Assignment
Answer with the exact lines of the following material from the one containing "Zylinder Glas press" through the one containing "lenovo red logo png #1149", both end lines included.
*** Opening Data provided ***
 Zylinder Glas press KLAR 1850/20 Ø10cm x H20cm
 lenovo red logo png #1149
*** Closing Data provided ***
*** Opening Data provided ***
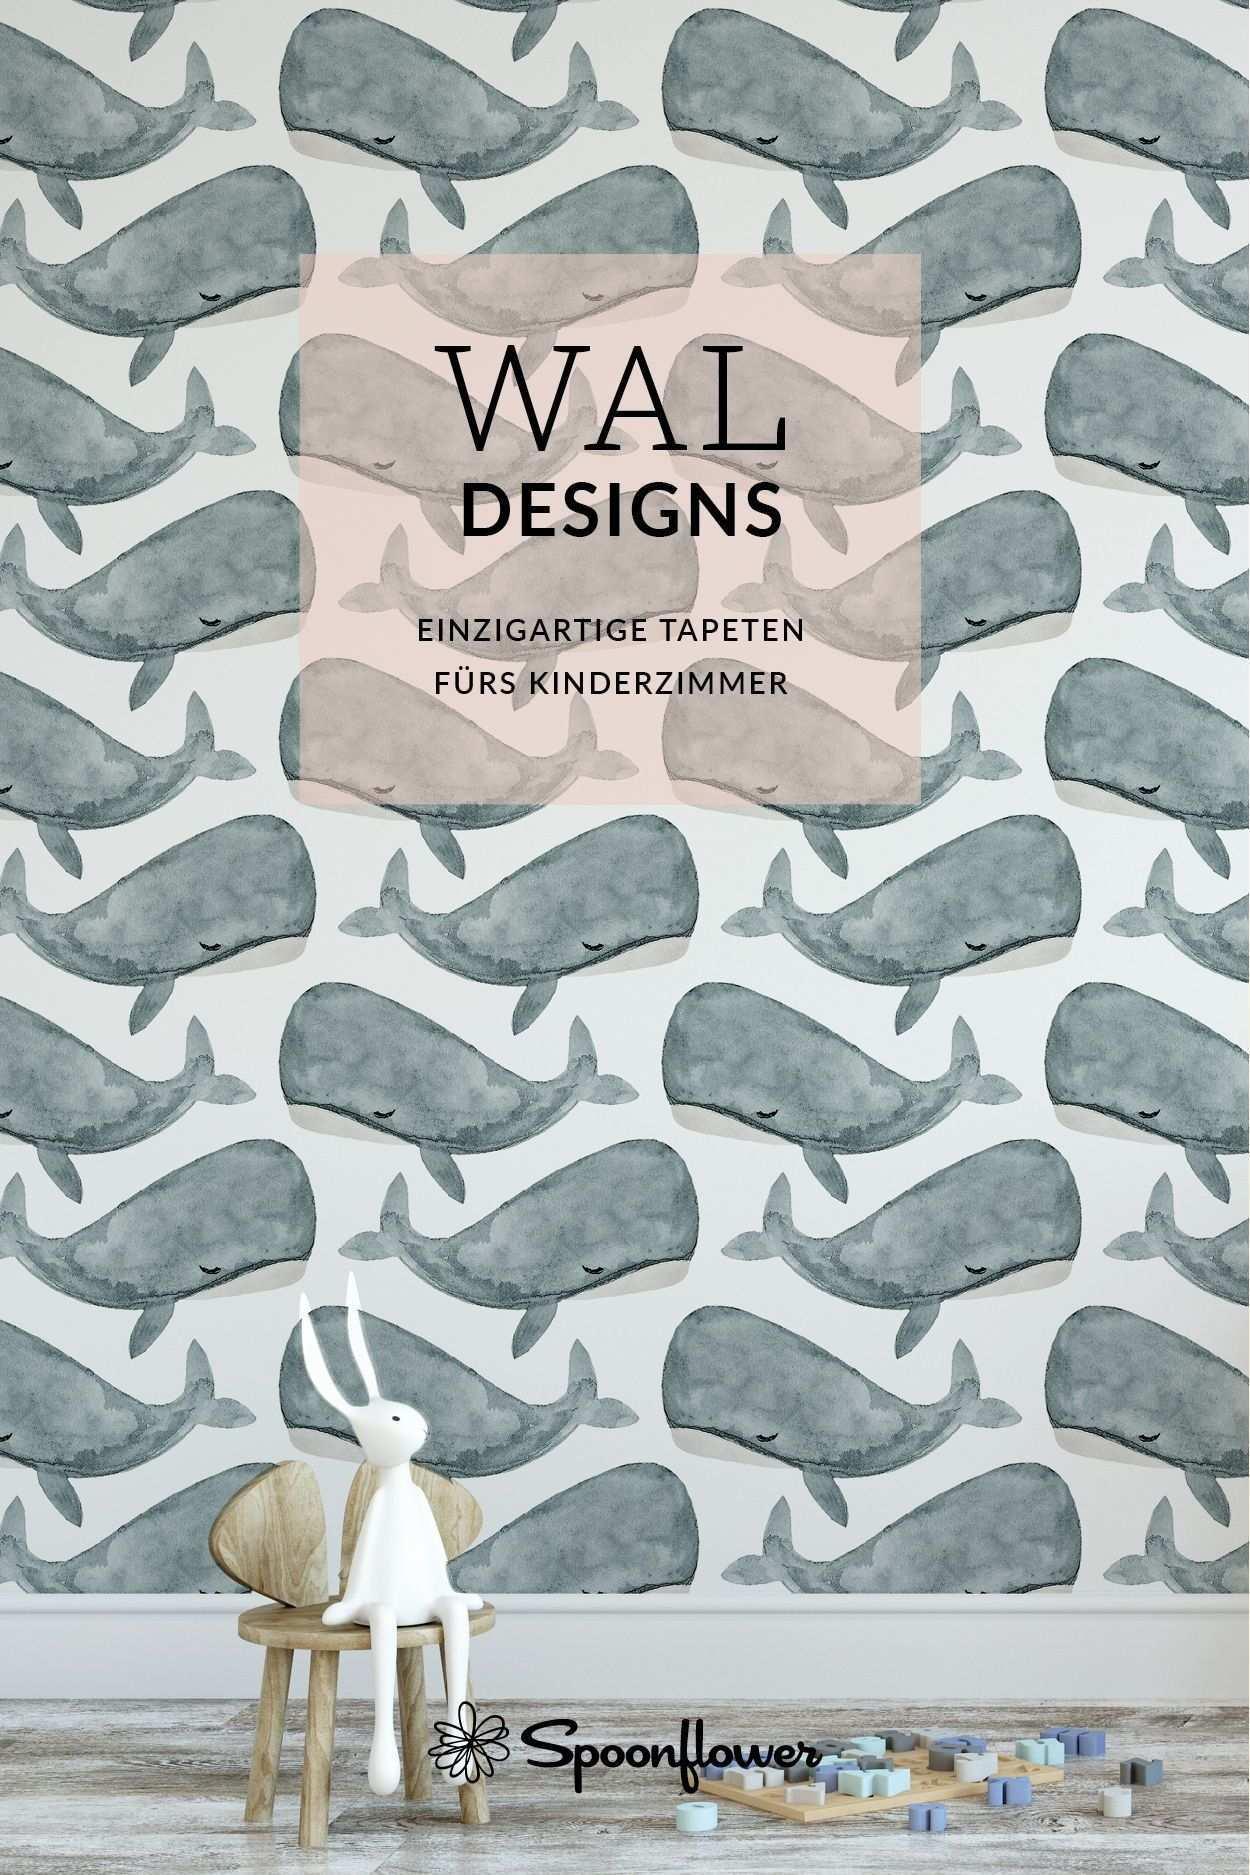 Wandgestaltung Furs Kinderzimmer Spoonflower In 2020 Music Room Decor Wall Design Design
*** Closing Data provided ***
Your response
 Zylinder Glas press KLAR 1850/20 Ø10cm x H20cm
 lenovo red logo png #1149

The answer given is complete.